◆ **Recorded data**:
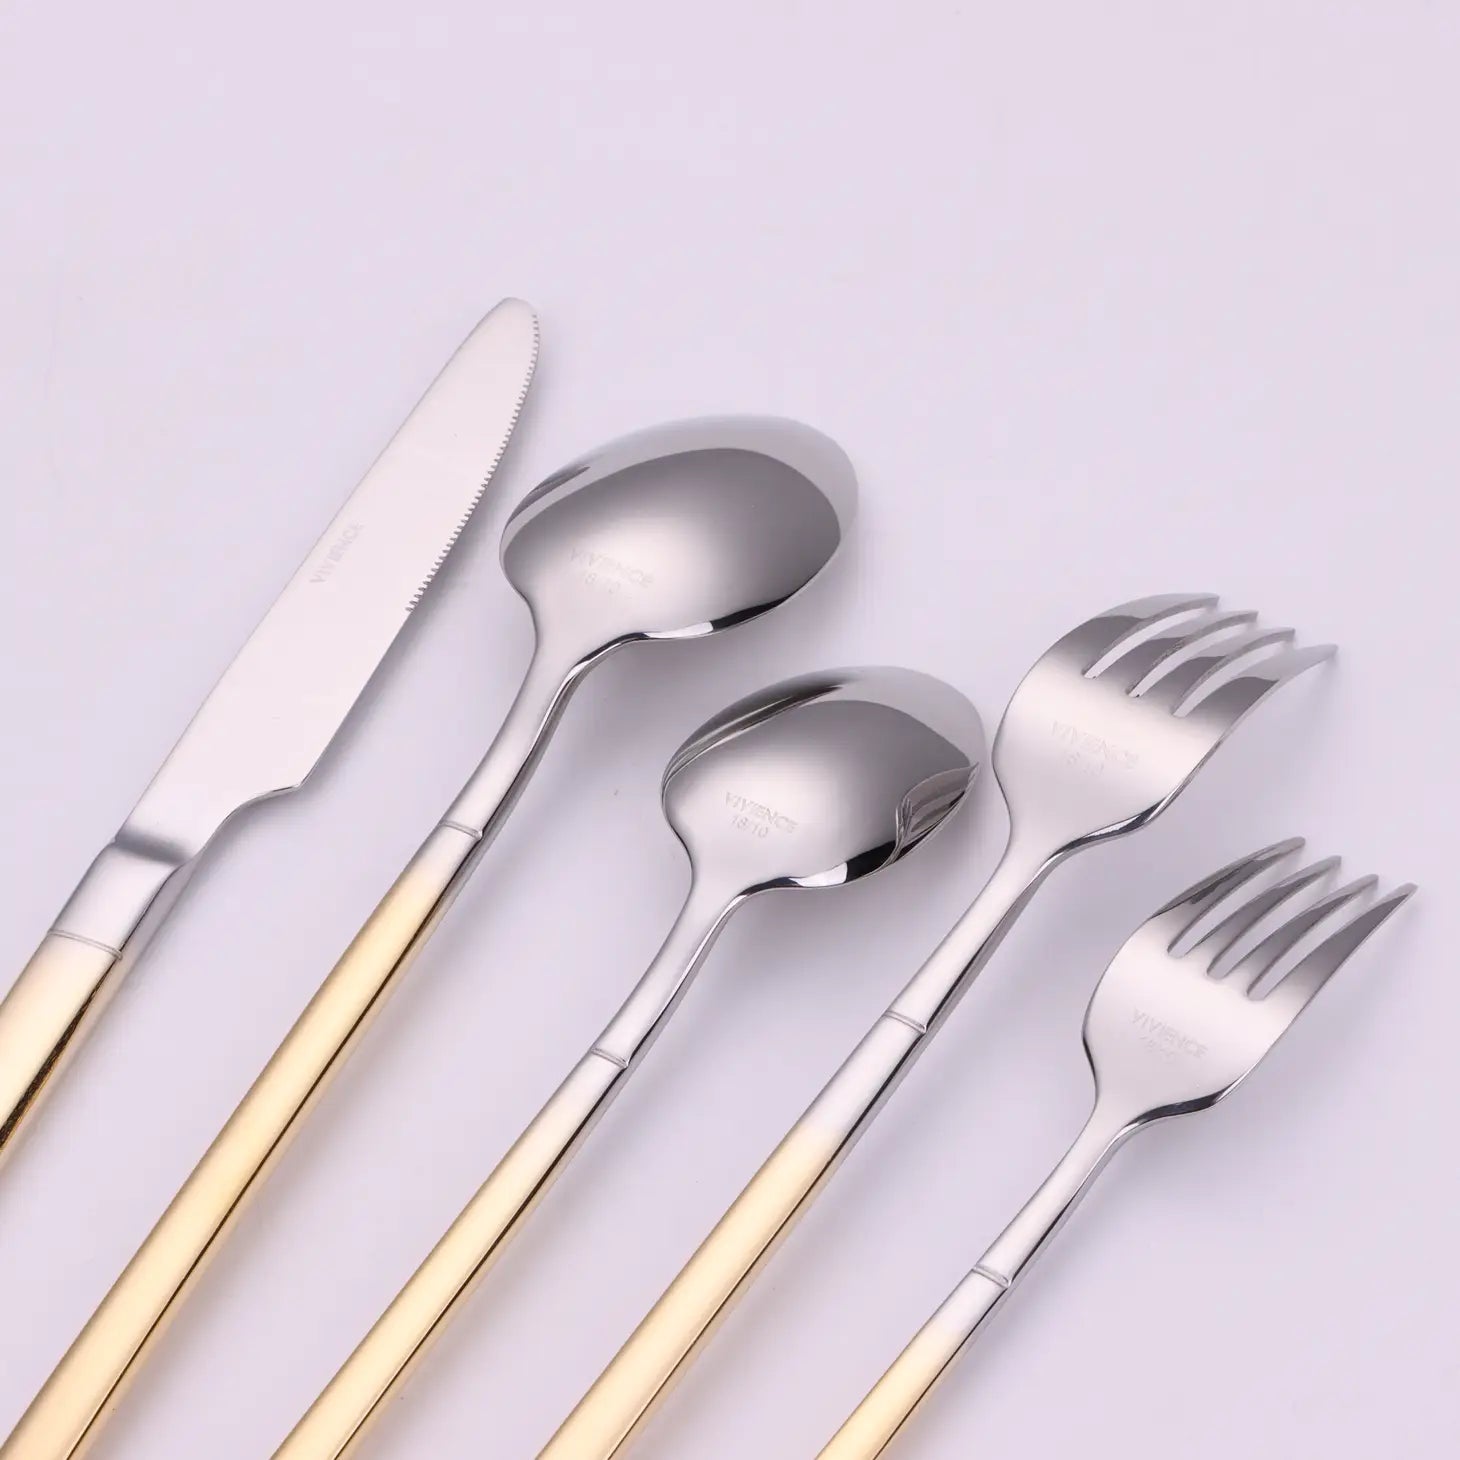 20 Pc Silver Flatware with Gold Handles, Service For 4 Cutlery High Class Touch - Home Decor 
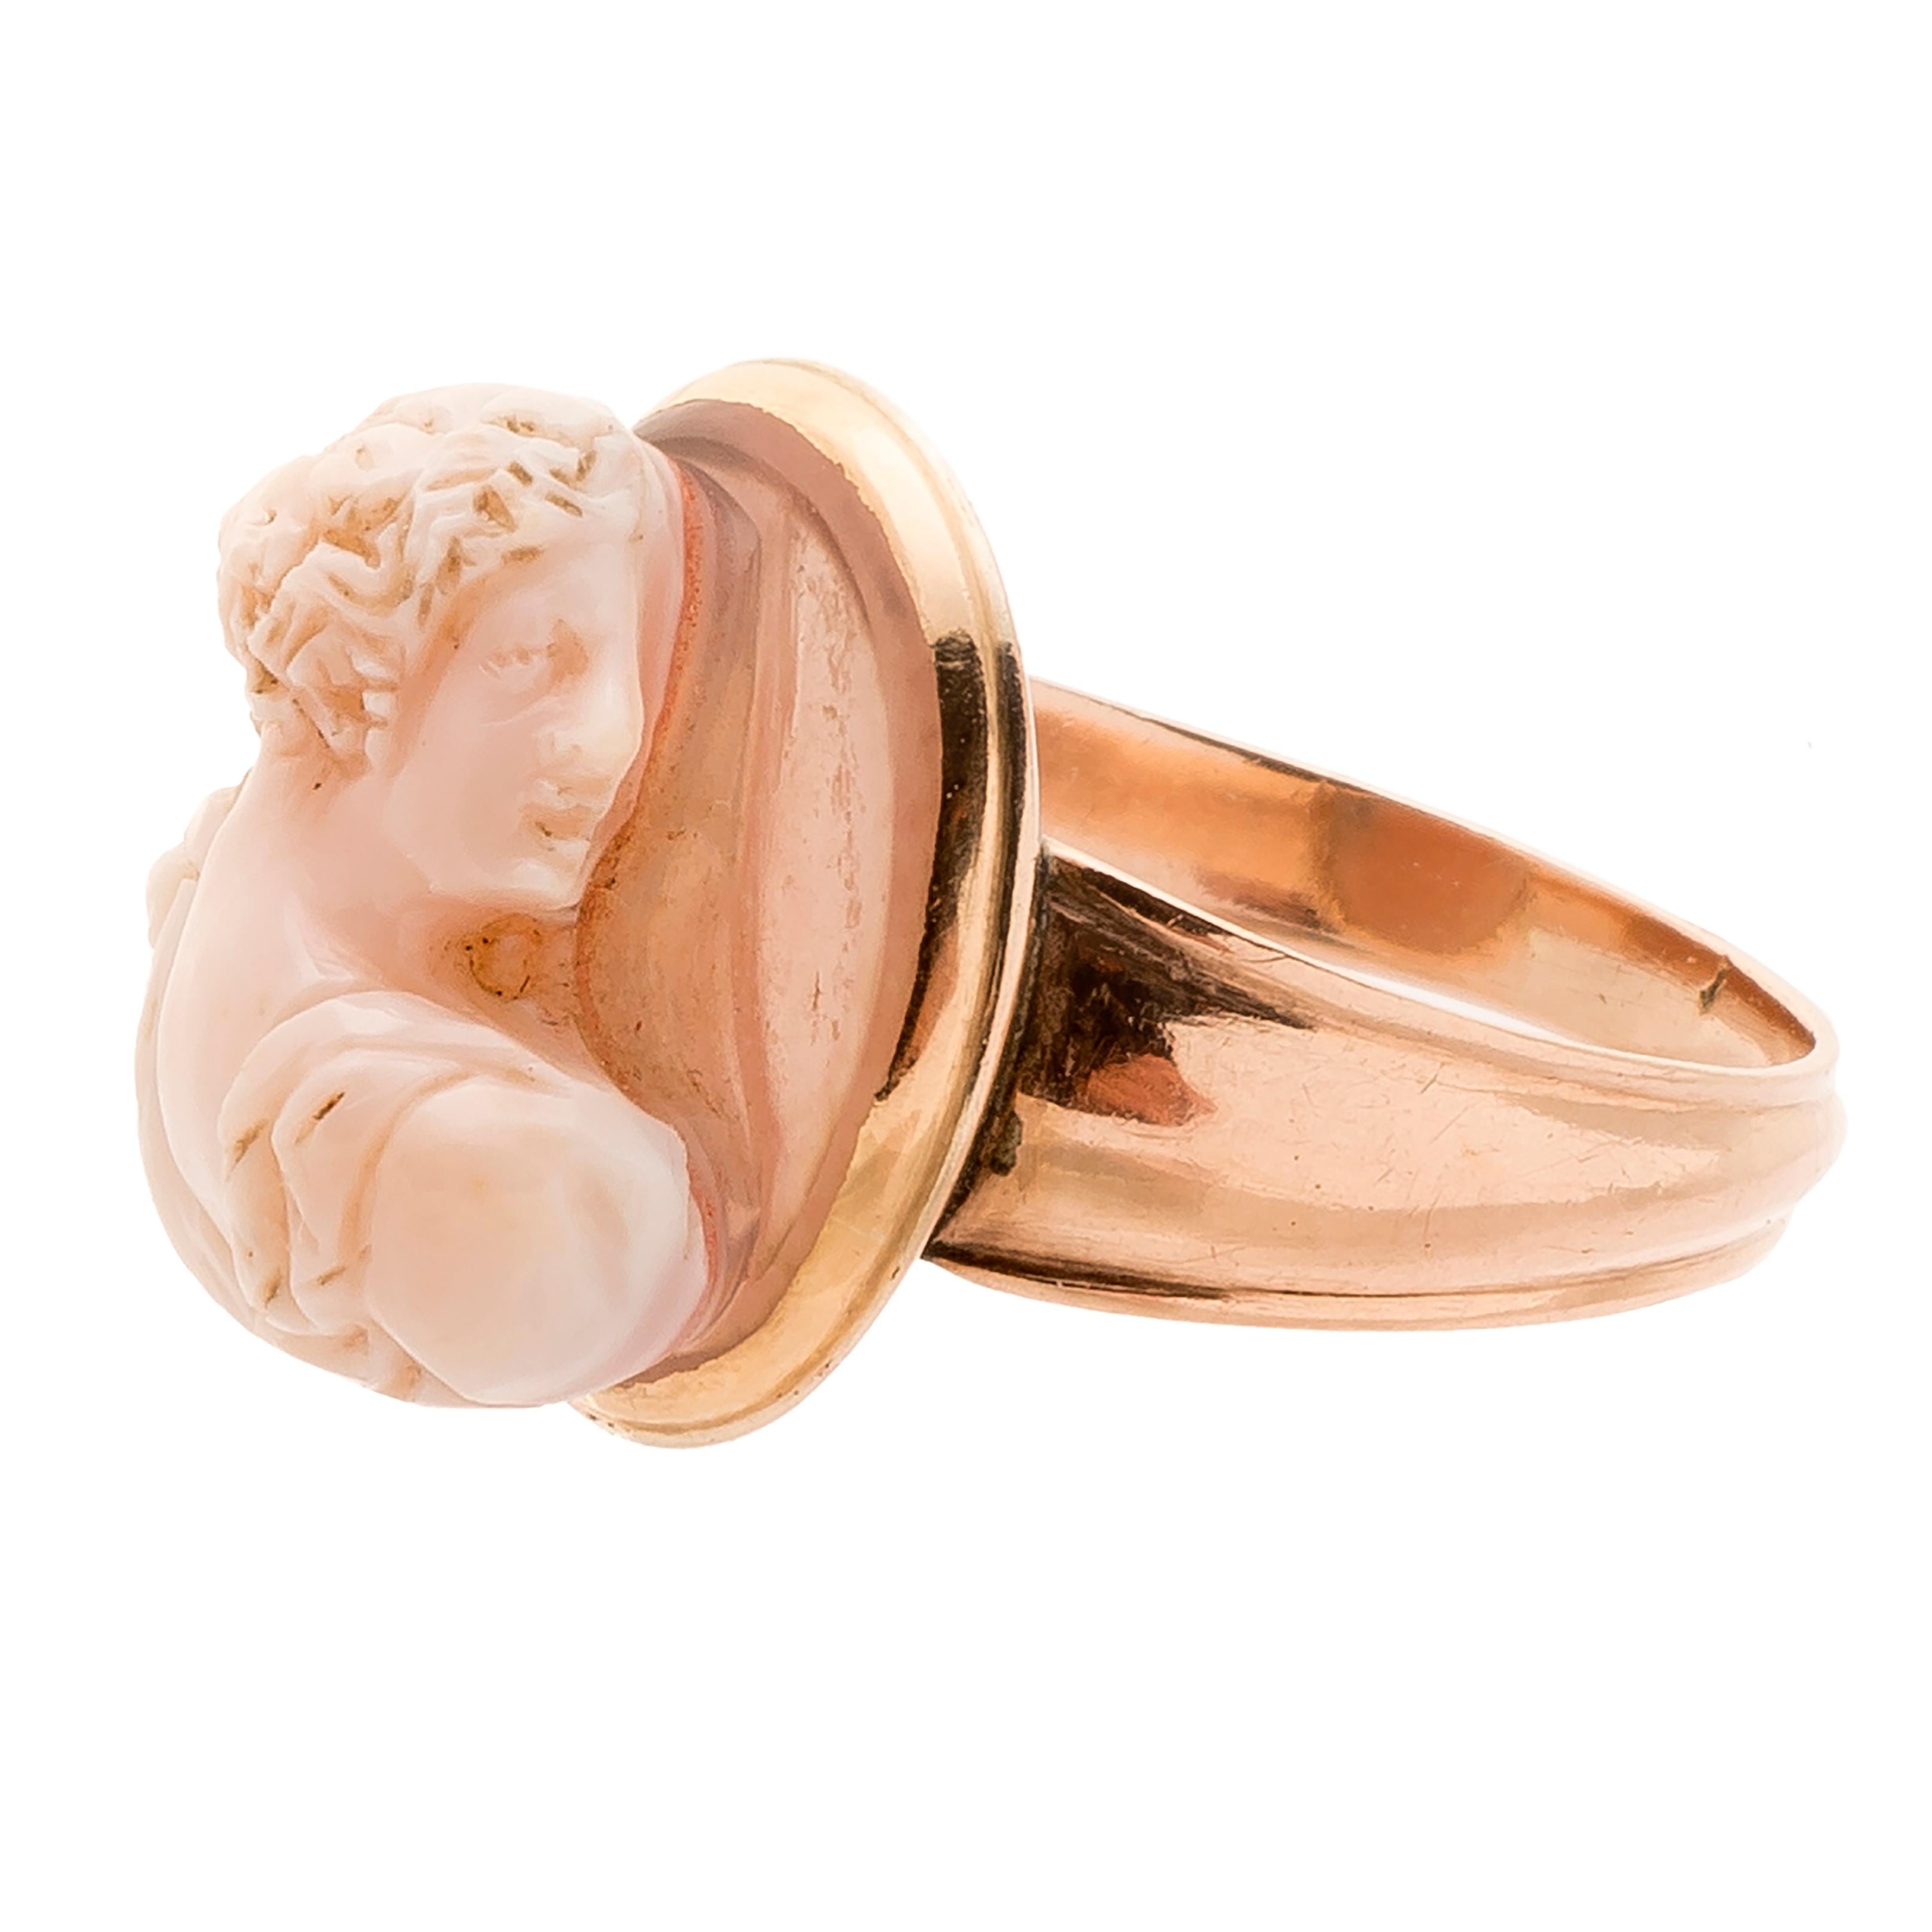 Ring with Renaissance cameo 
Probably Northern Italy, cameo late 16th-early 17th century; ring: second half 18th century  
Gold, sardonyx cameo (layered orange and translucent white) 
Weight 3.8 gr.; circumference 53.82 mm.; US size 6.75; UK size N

◆ **Requirement**:
All that is wanted is the set of lines from the one with "Gold, sardonyx cameo" through the last line of the entries, both included, output exactly.

◆ **Solution**:
Gold, sardonyx cameo (layered orange and translucent white) 
Weight 3.8 gr.; circumference 53.82 mm.; US size 6.75; UK size N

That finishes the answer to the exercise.